Type 1: bleeding that is not actionable and does not cause the patient to seek unscheduled performance of studies, hospitalization, or treatment by a healthcare professional. Examples include, but are not limited to, bruising, hematoma, nosebleeds, or hemorrhoidal bleeding for which the patient does not seek medical attention. Type 1 bleeding may include episodes that lead to discontinuation of medications by the patient because of bleeding without visiting a healthcare provider.
Indeed, my Type 1 bleeding prompted me to skip my aspirin doses for the next few days.
Many patients do the same thing. Just this morning a patient told she had stopped taking her aspirin because she thought it was causing “little red spots” on her arms.
Does Prolonged Bleeding Mean You Are Taking Too Much Aspirin?
My philtrum persisted in bleeding, and as I felt the need to use my hands for something other than holding pressure, I put a band-aid on the area (actually a Nexcare), which temporarily stemmed the bleeding tide: I began pondering if I was taking too much aspirin.
Since aspirin is so widely used to prevent heart attacks and strokes caused by sticky platelets, why isn’t there a way to see how effective it is at making sticky platelets less sticky? We have such methods for blood pressure meds (blood pressure levels) and cholesterol lowering drugs (cholesterol levels).
And for the older blood thinner warfarin, we have a blood test which helps us make sure the dosage of medication is keeping the blood thinning in a range that maximizes effectiveness and minimizes bleeding risk.
It turns out there are lots of ways to measure how effective aspirin is in an individual, but no consensus on which particular method should be used, and authorities don’t recommend we make such measurements.
This article on platelet function tests lists 13 different platelet function tests, ranging from the mostly historical “bleeding time” to sophisticated tests of platelet aggregation.
The Verify Now test (not available in the US) of platelet reactivity predicted in one study which patients would have BARC type I bleeding like mine. The test did not predict major bleeding complications, things like GI bleeding and intracranial hemorrhage.
Those patients who had minor bleeding problems were more likely to be noncompliant, stopping their aspirin therapy.
I could easily visualize the following scenario as the blood began pooling underneath my band-aid and progressing down my philtrum.
Let’s say I’ve just had a heart attack and had a drug-eluting stent placed in one of my coronary arteries. I’ve been started on aspirin and another anti-platelet drug. I cut myself and bleed excessively and prolongedly. I decide that the aspirin is the reason, and start skipping doses. The lower aspirin levels subsequently allow my platelets to become sticky again. As a result a clot forms in my coronary stent and a heart attack ensues.

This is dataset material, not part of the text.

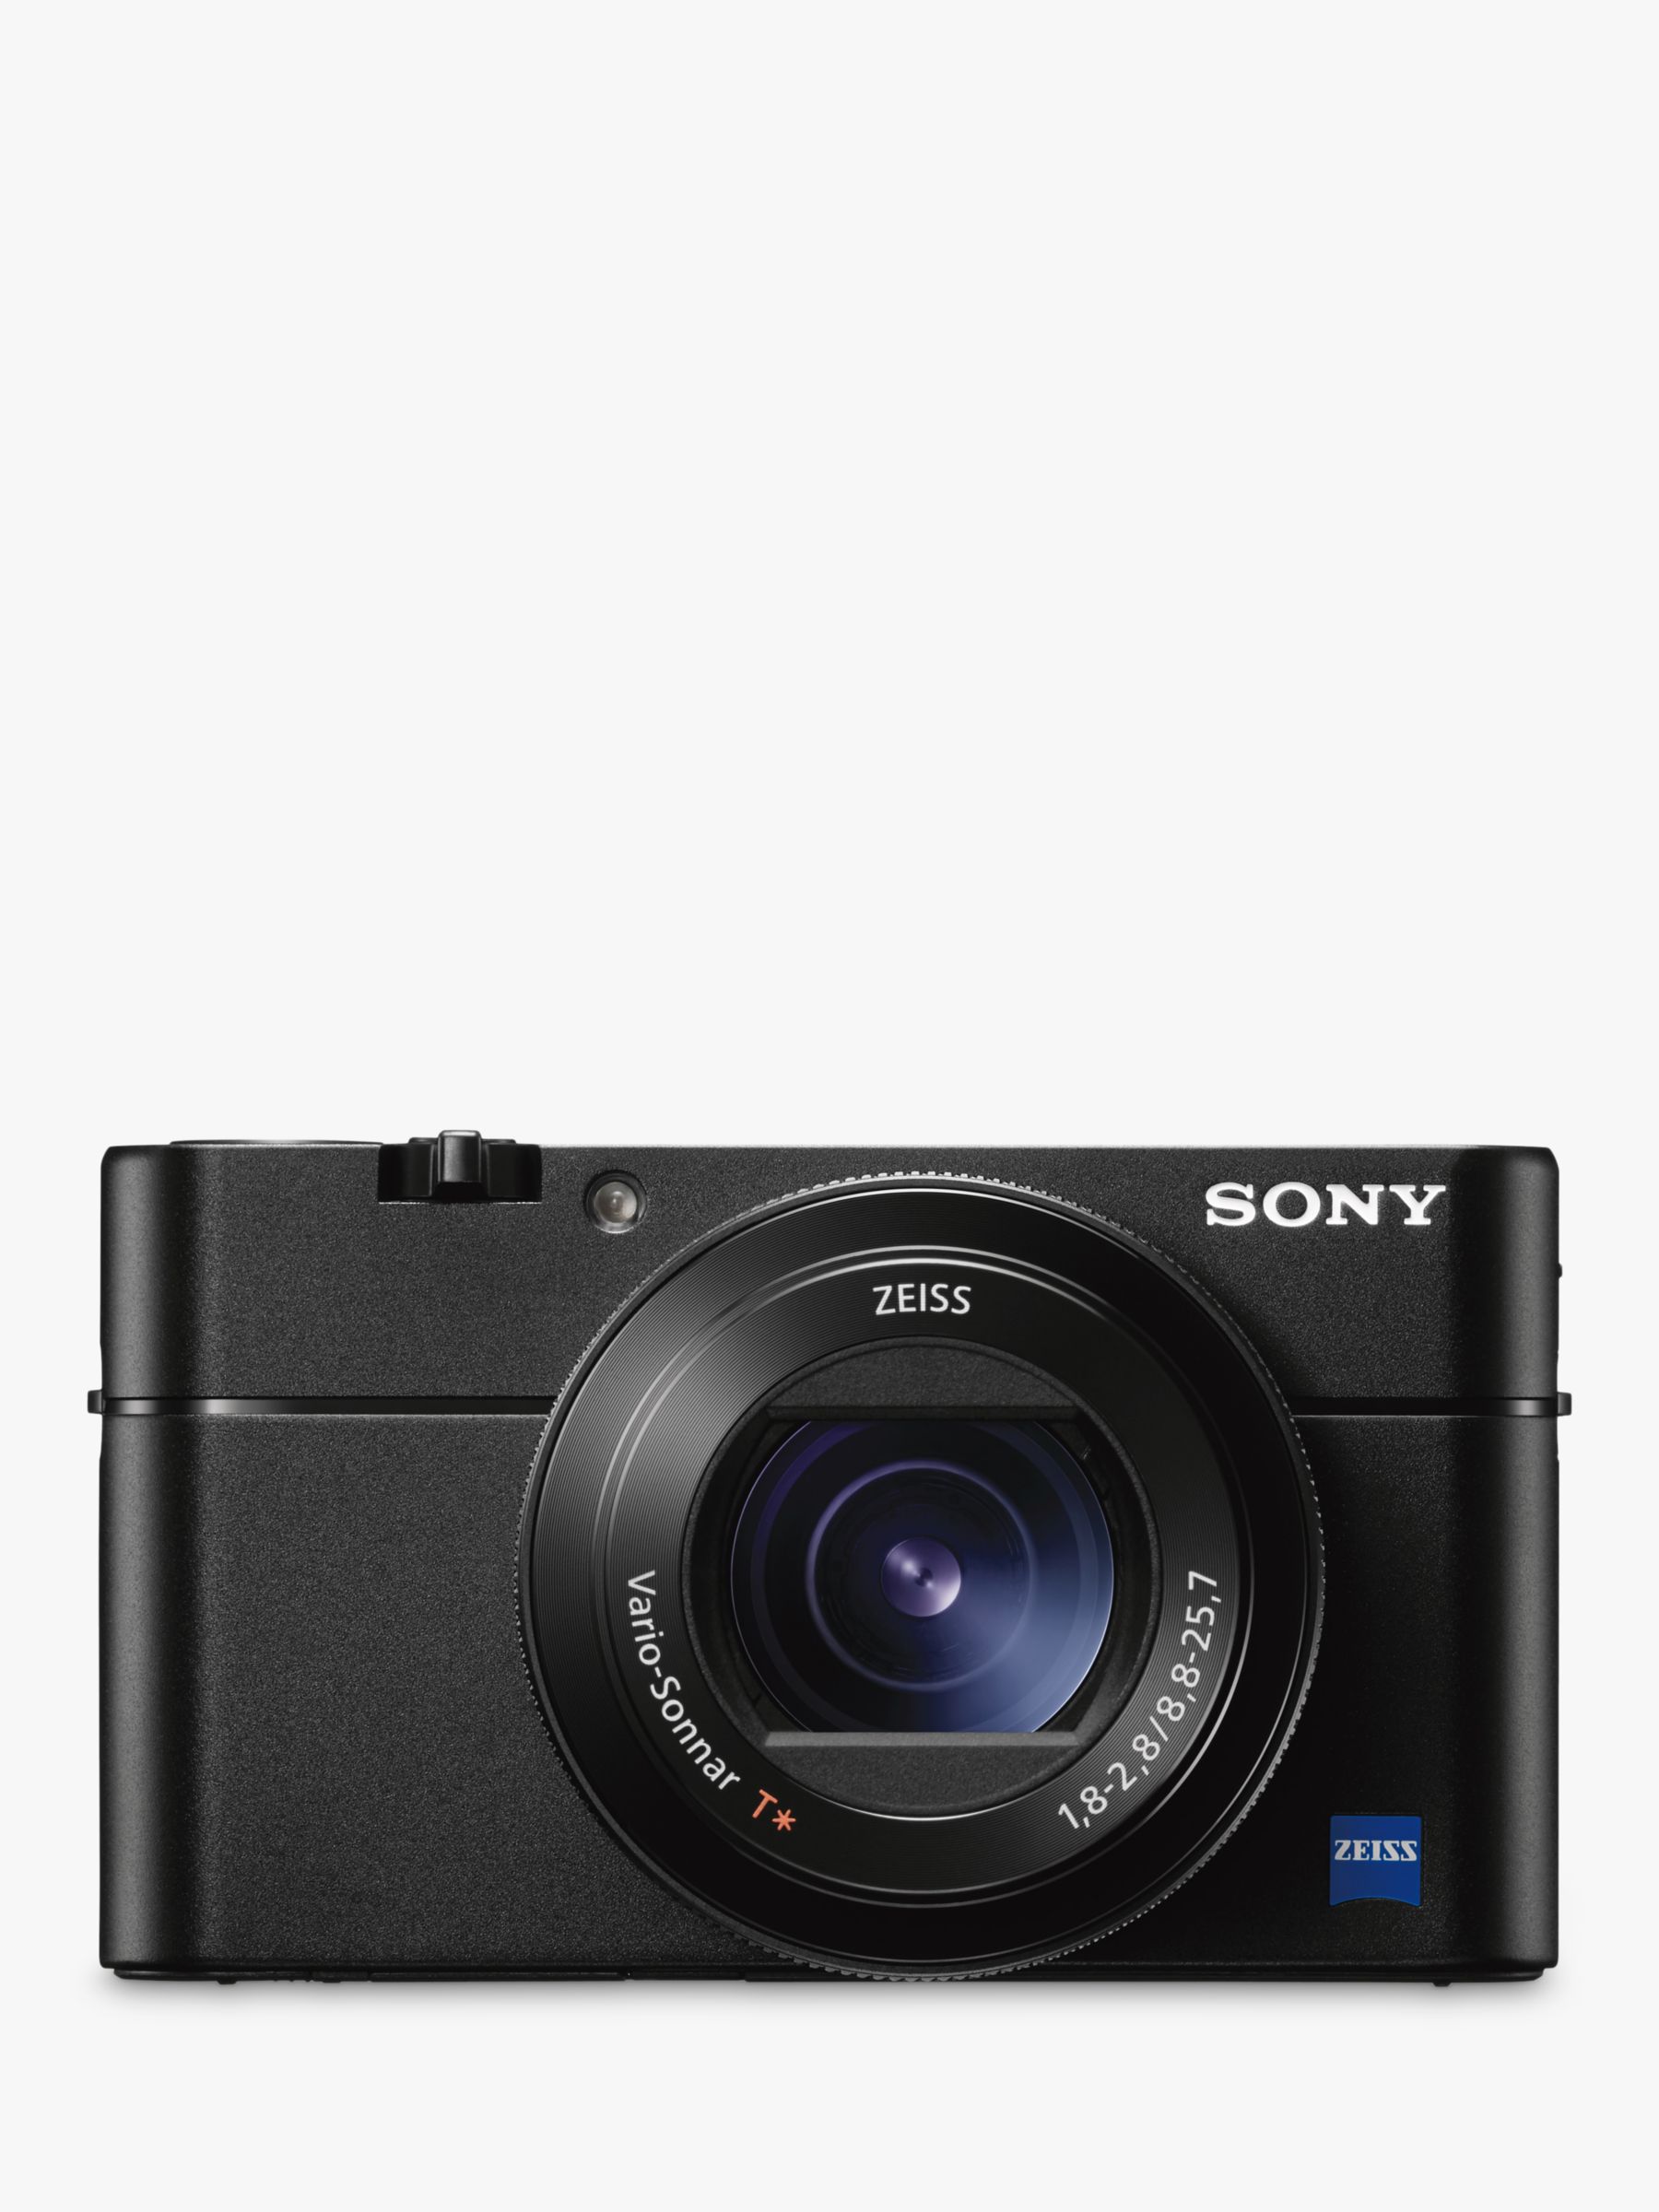 Sony Cyber-shot DSC-RX100 Va Camera, 4K, 20.1MP, 2.9x Optical Zoom, Wi-Fi, NFC, OLED EVF, 3 Tiltable Screen

Thus, prolonged bleeding from a cut, considered a minor side effect of aspirin therapy, could increase heart attack risk.
There is a clinically available test for aspirin effect called AspirinWorks.

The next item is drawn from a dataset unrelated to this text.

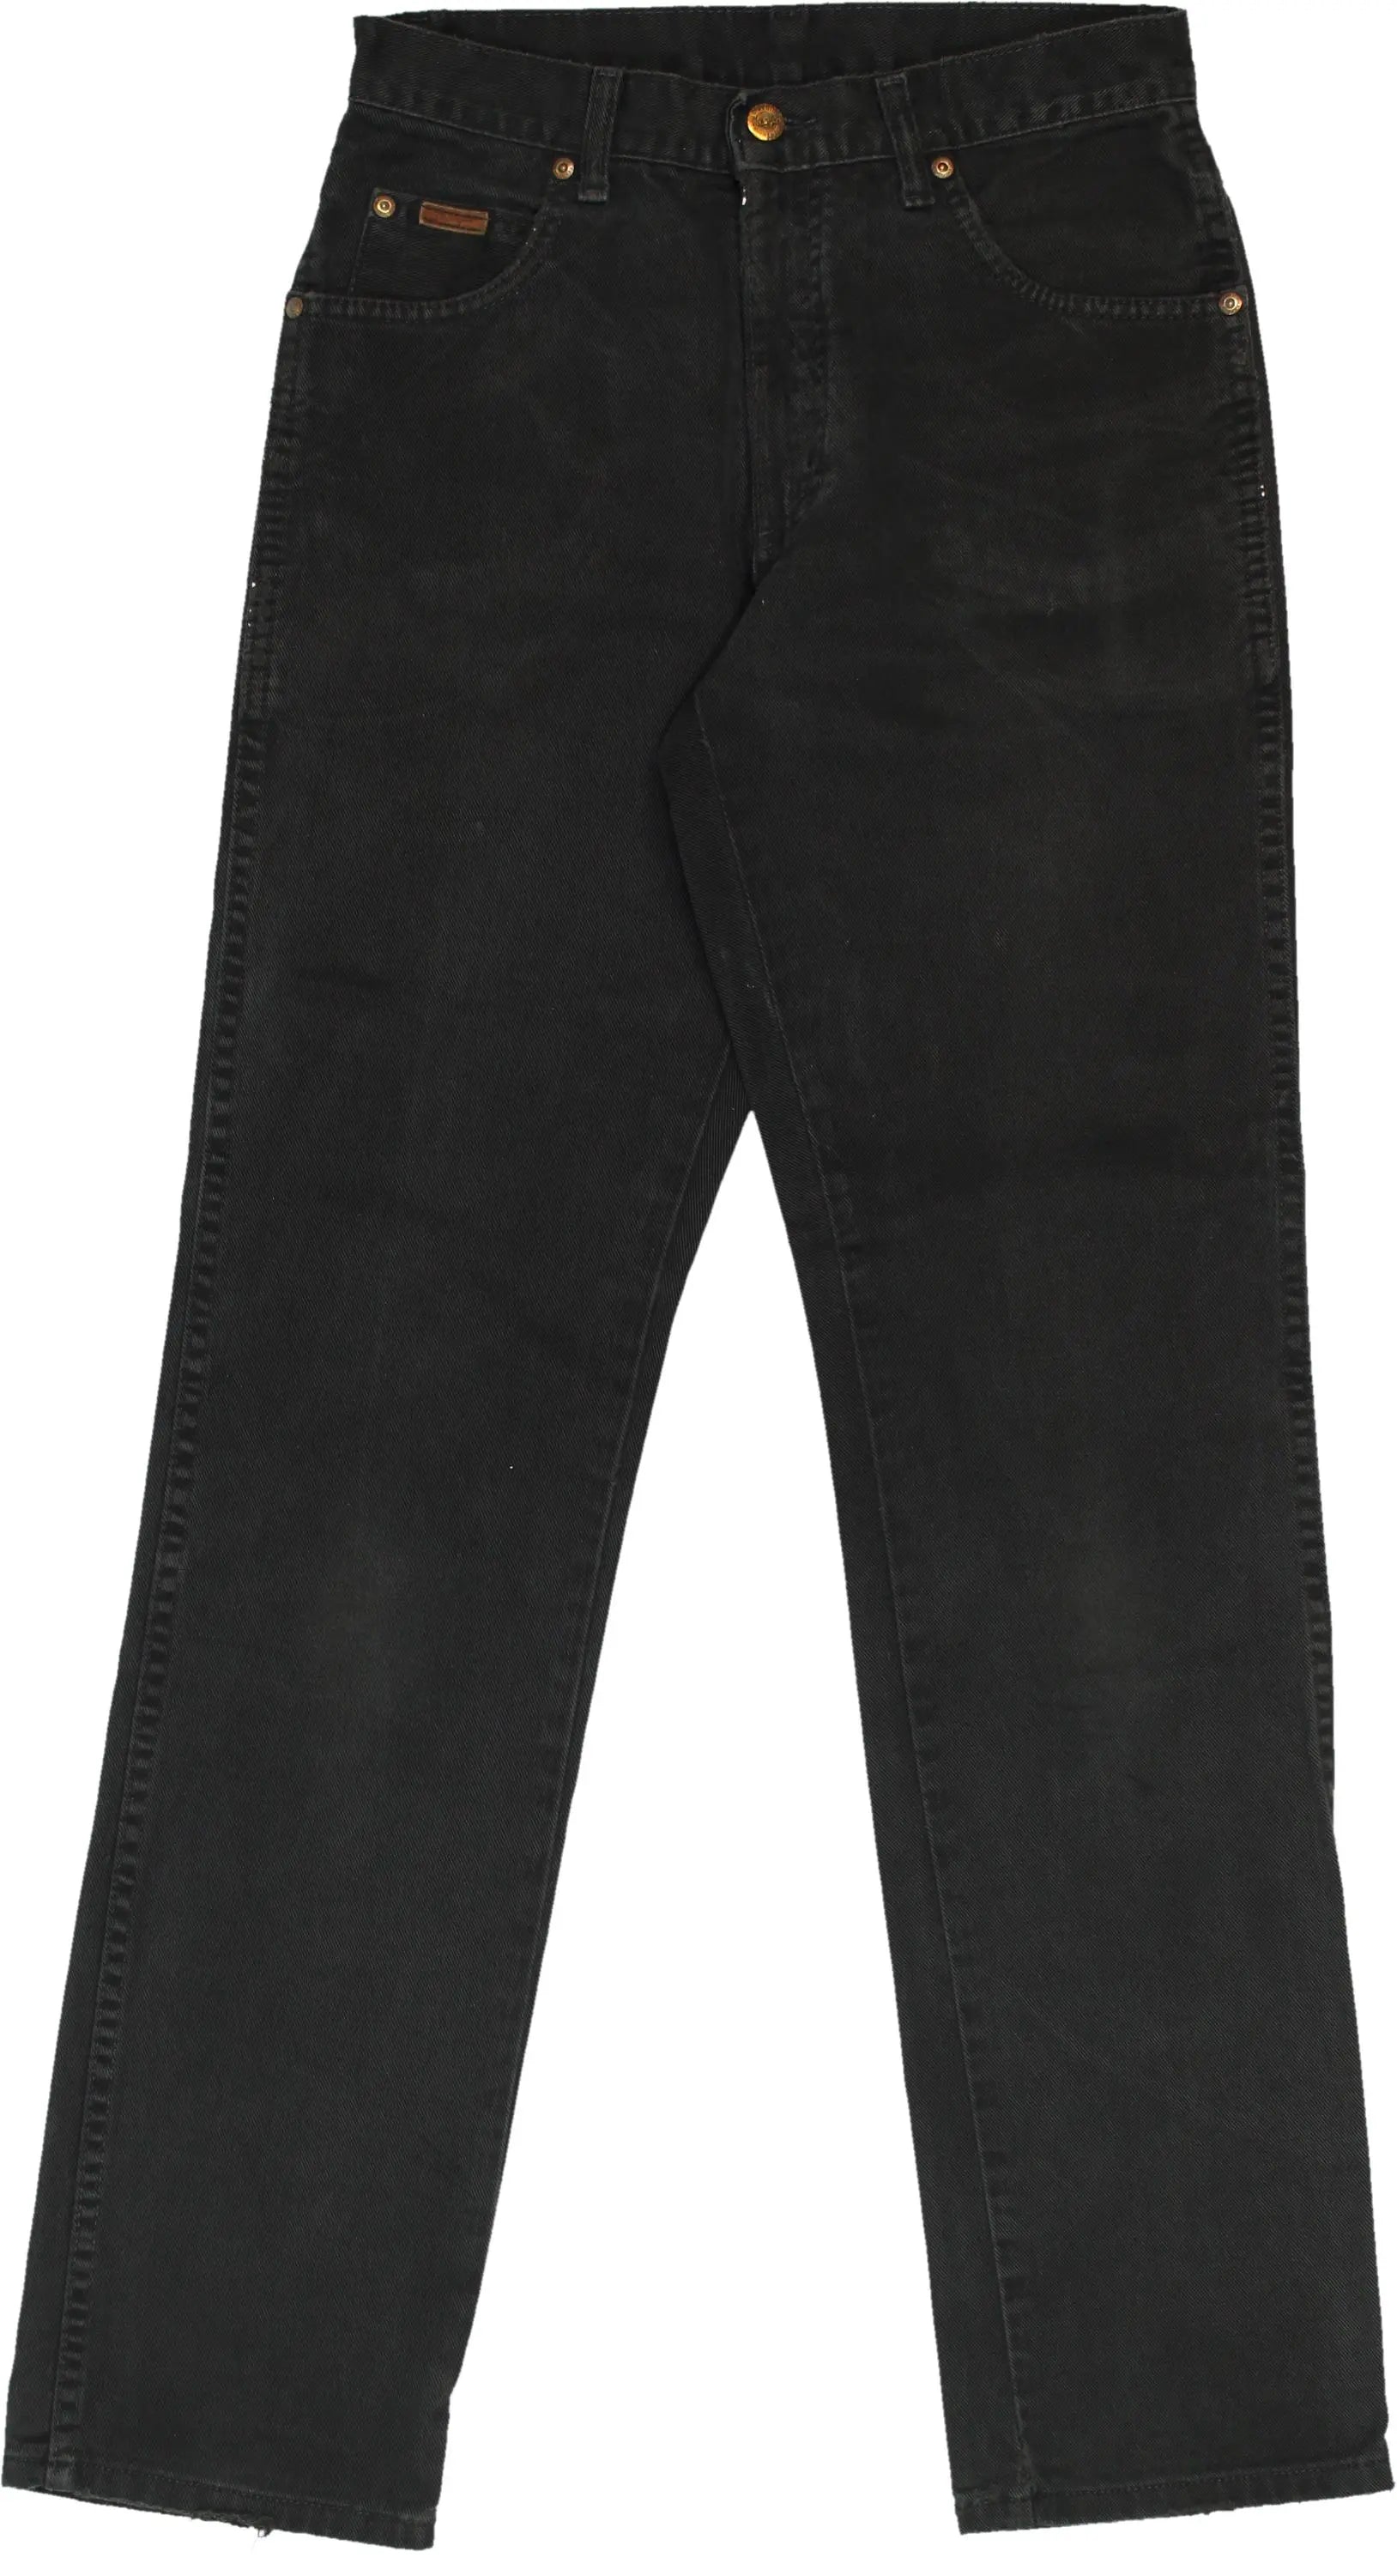 Wrangler - Wrangler Slim Fit Jeans- ThriftTale.com - Vintage and second handclothing

The AspirinWorks Test Kit is an enzyme-linked immunoassay (ELISA) to determine levels of 11-dehydrothromboxane B2 (11dhTxB2) in human urine, which aids in the qualitative detection of aspirin effect in apparently healthy individuals post ingestion. Unlike platelet aggregation tests, which require freshly drawn blood that must be evaluated within at least four hours, the AspirinWorks Test is performed on a random urine sample that can easily be obtained in any doctor’s office.

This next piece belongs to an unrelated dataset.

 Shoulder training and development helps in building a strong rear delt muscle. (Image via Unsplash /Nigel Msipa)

An increasing body of evidence in the medical literature overwhelmingly supports clinically significant variability in aspirin effect, which has been well-established in findings from trials, including the Heart Outcomes Prevention Evaluation (HOPE) Study and the CHARISMA trial published in Circulation (Journal) (2002 and 2008). These trials have demonstrated that:
- Increased levels of urinary 11dhTxB2 are associated with as much as a four fold increased risk for adverse cardiovascular events or death.
- Statin treatment is associated with lower concentrations of 11dhTxB2
- 11dhTxB2 is an independent, modifiable predictor of risk for stroke, heart attack and cardiac death (CHARISMA).